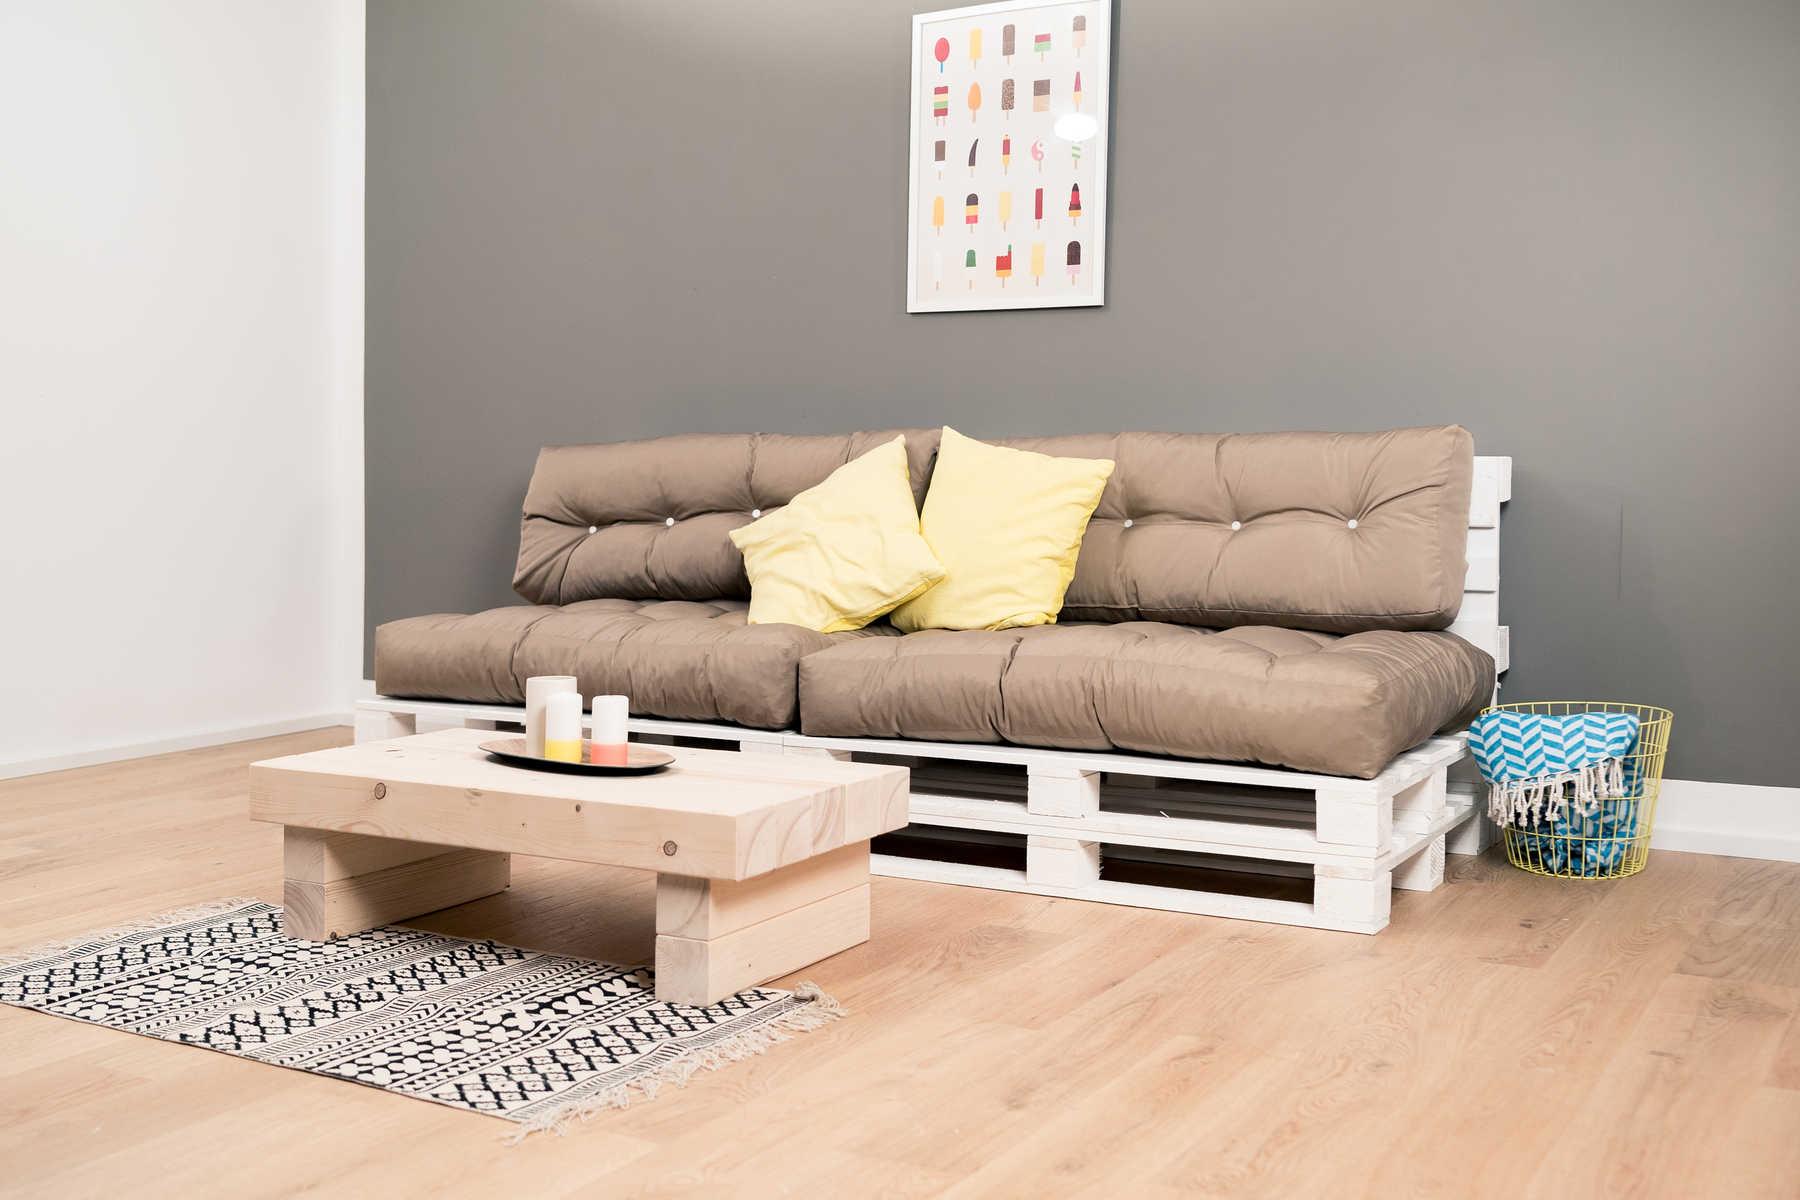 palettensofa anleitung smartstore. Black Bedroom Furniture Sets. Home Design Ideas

---

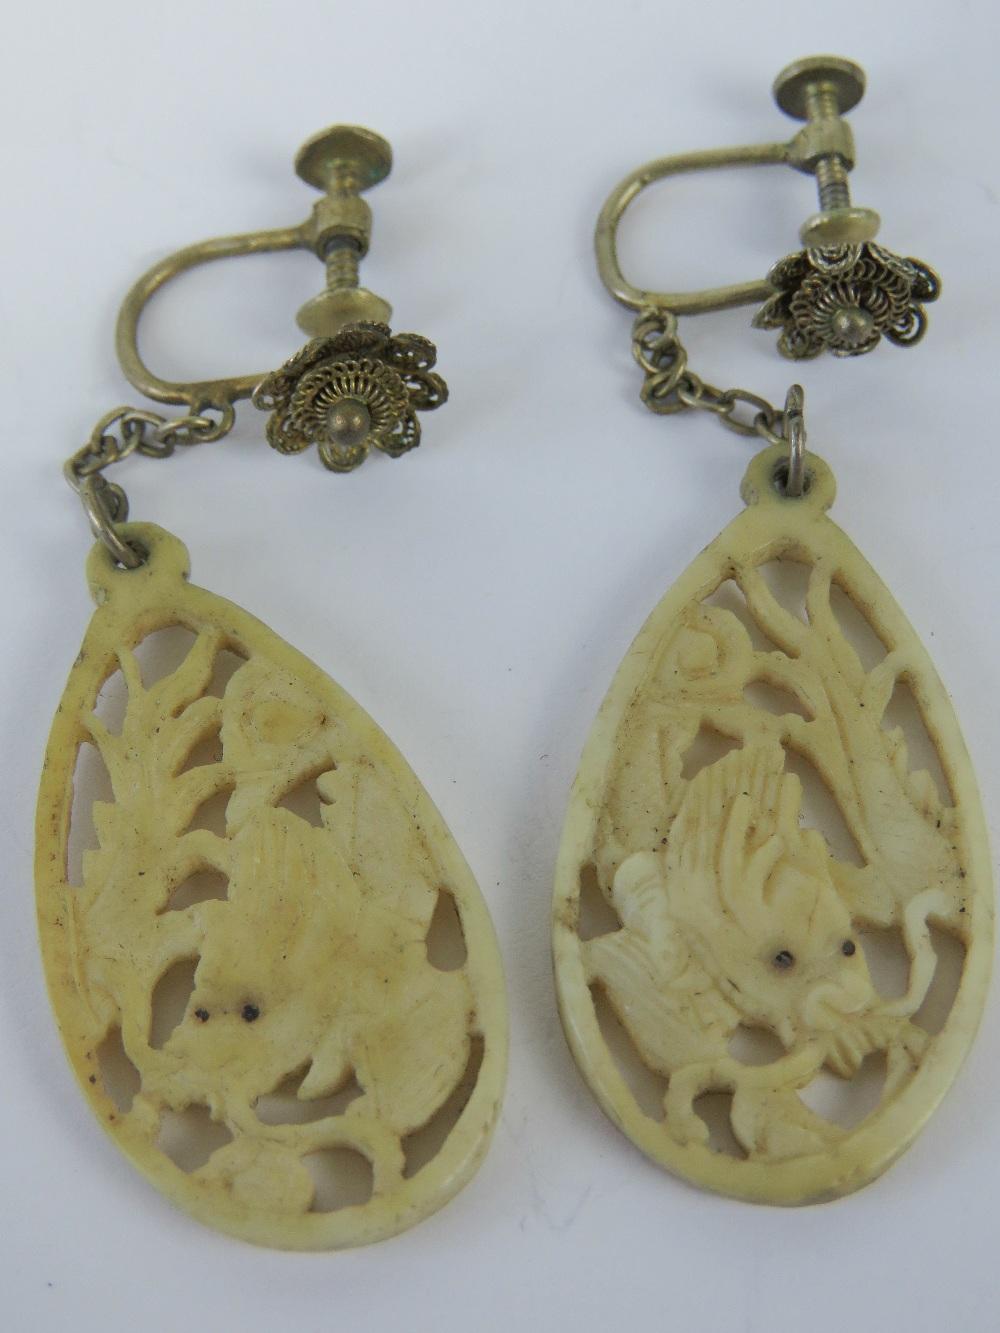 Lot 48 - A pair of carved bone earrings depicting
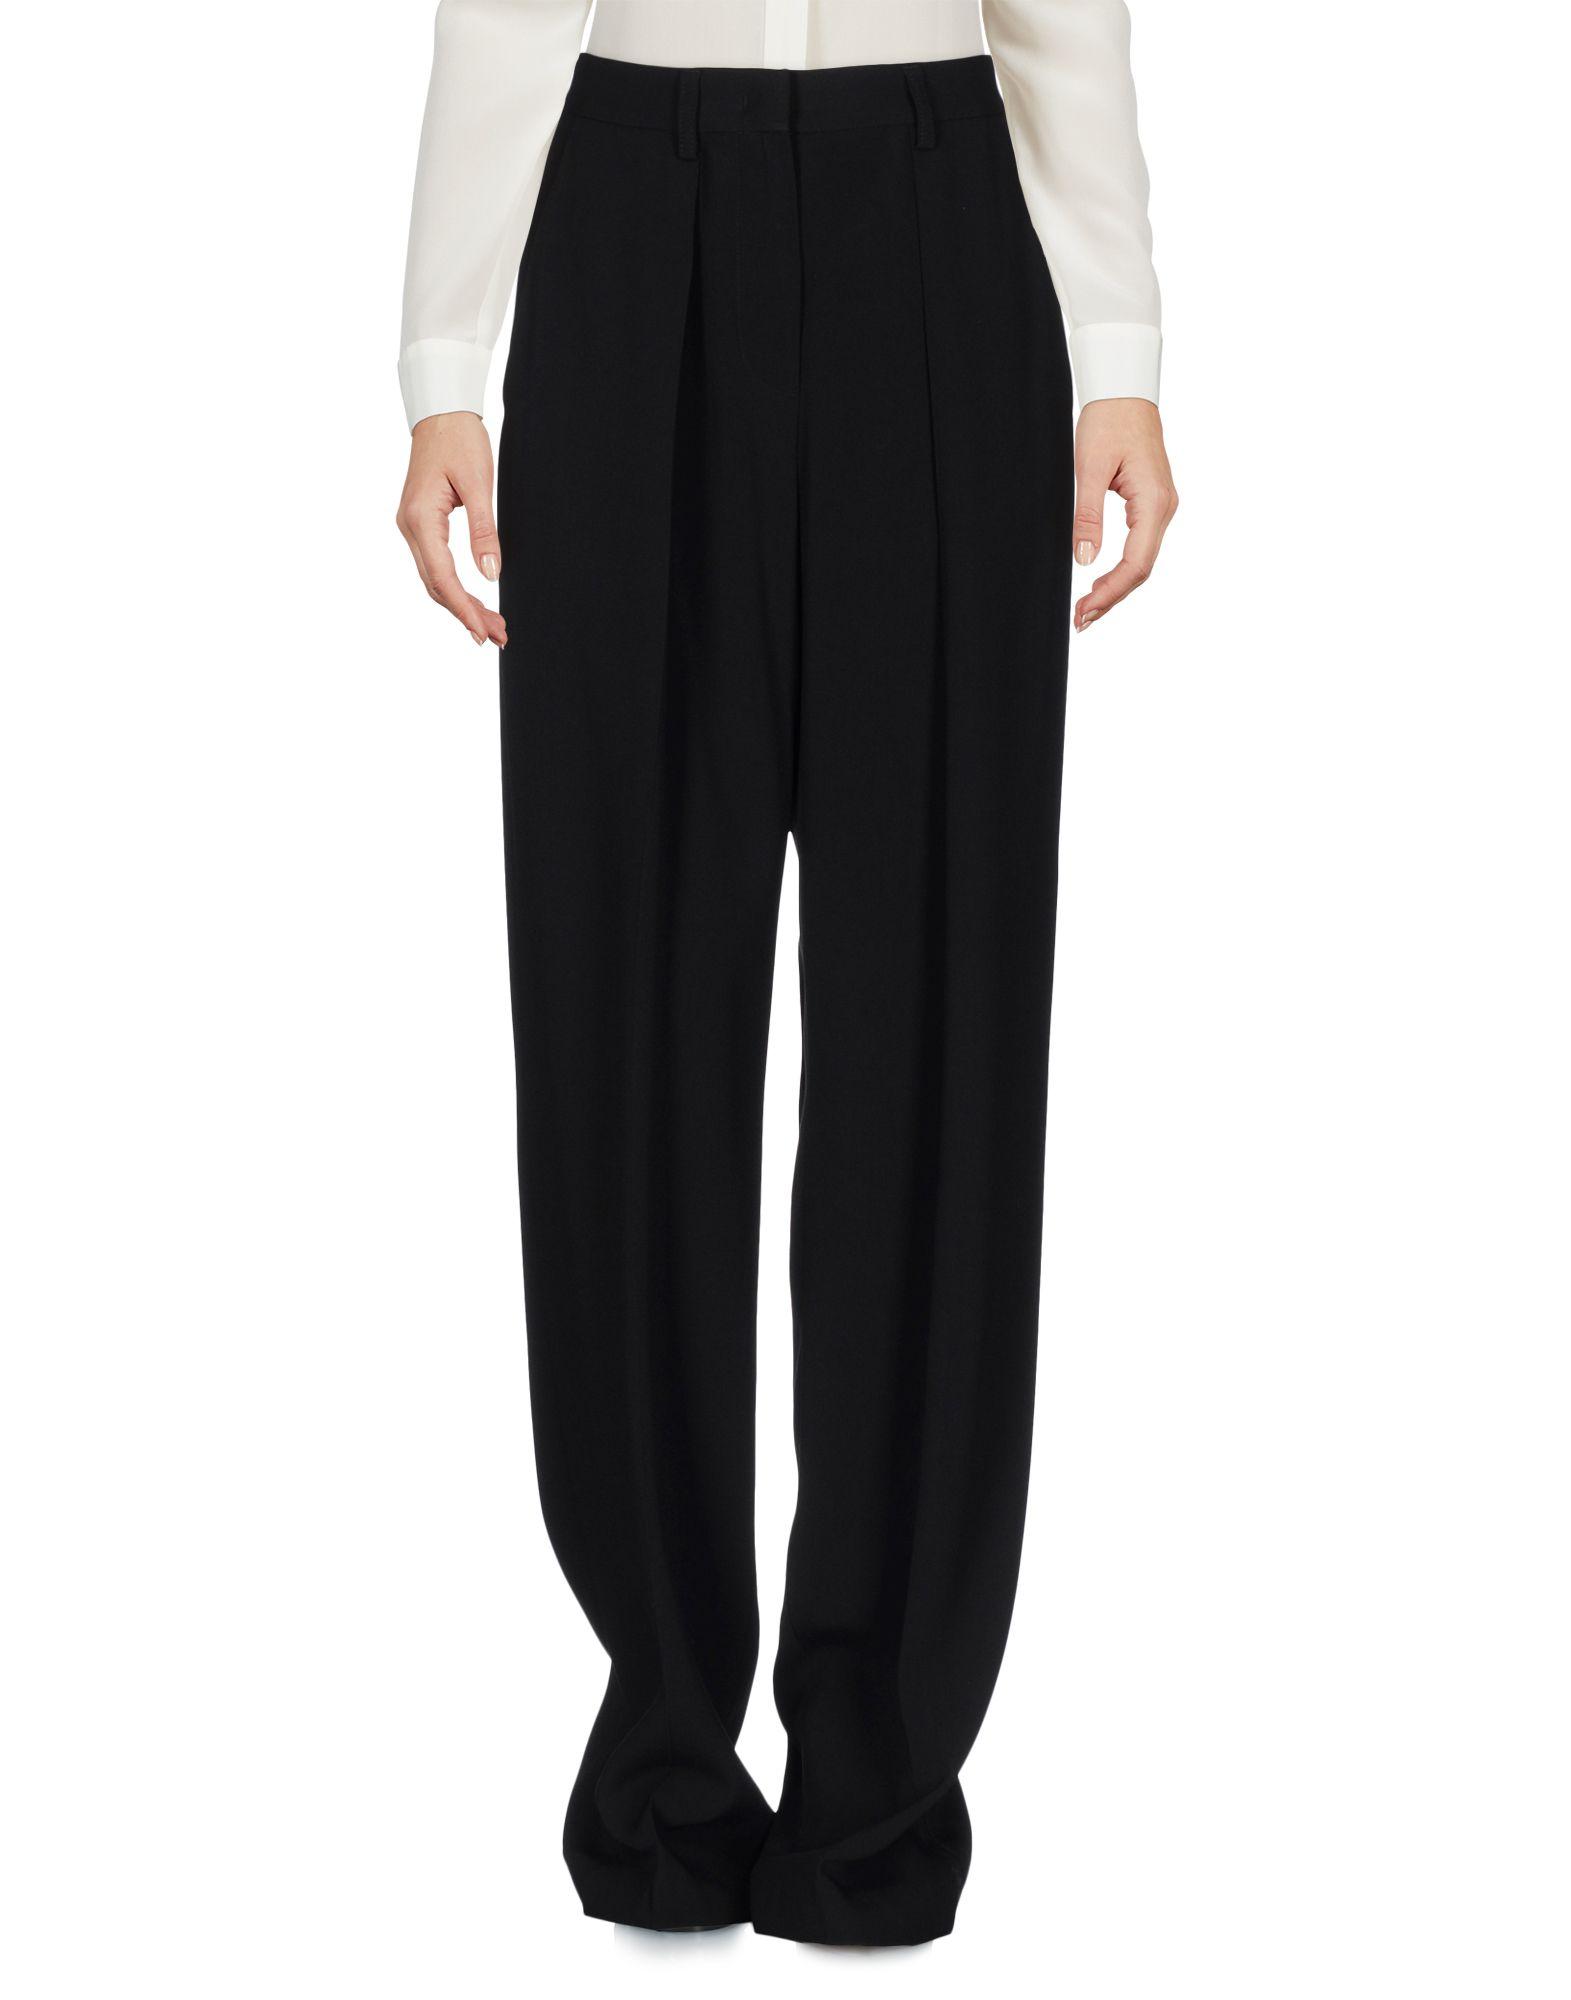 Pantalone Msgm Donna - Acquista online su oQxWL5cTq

▸ **Directions for this task**
Above are the records. Copy only the lines from the one with "Lot 48 - A pair" through the one with "Pantalone Msgm Donna", exactly, with no pictures.

▸ **Response to this exercise**
 Lot 48 - A pair of carved bone earrings depicting
 Pantalone Msgm Donna - Acquista online su oQxWL5cTq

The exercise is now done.